Wowbagger wrote:Without sentience, there's no point of view. Things can only be good / bad *for* something experiencing it. Suffering is intrinsically awful by its very nature, that's an axiological truth. A world with less suffering is a better world.
That makes sense. One last question? Do you think suffering or (painless) death is worse?
What does it mean for something to deserve to have its welfare considered when making ethical decisions and resolving ethical dilemmas? Namely, it's the words deserve[/i and ethical that I think need to be defined. For instance, what's the difference between an ethical decision and a non-ethical (by this I do not mean unethical) one? I'm not really interested in some other person's definition or what a dictionary says or even what you think is the common meaning of these words because it is my position that in terms of the general lexicon these moral/ethical terms are very equivocal. Rather, I'm interested in what you meant when you said them in the previous posts.

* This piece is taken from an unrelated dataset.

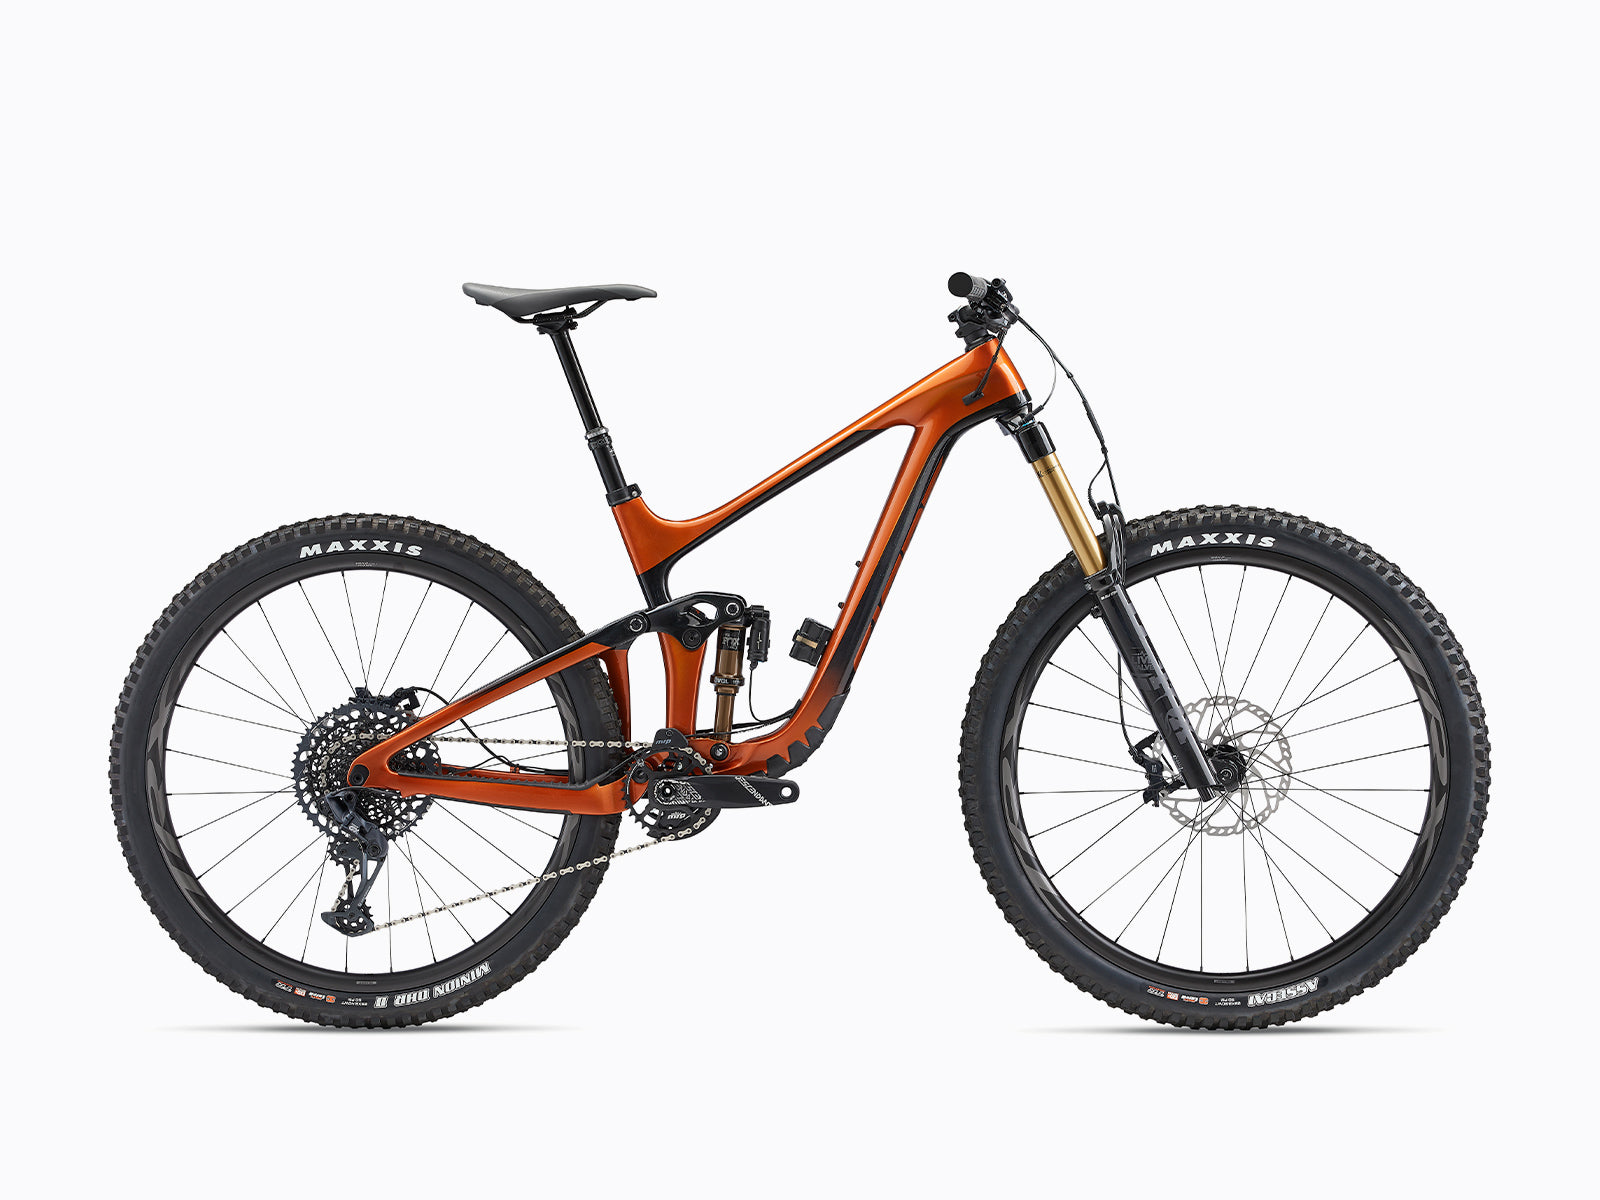 Image shows, giant reign advanced pro 29 1, a hardtail mountain bike from Giant

In my definition? By ethical I meant: "a decision which has a moral obligation to choose one way over another". By deserve I meant something like "compelled to be given". e.g. The correct ethical framework implies that an actor is compelled to give certain things moral consideration.
I'm not really sure why your asking this, and therefor what kind of answer you're looking for, so I hope that helped.
So this is a subjective quality?
Moral consideration? I guess you could say that people assign it in different ways. The question was when does something [i]deserve moral consideration, implying that there is a right way to assign it. Which way is right (and whether or not there is a right way I guess) is left up to you, the person answering the question.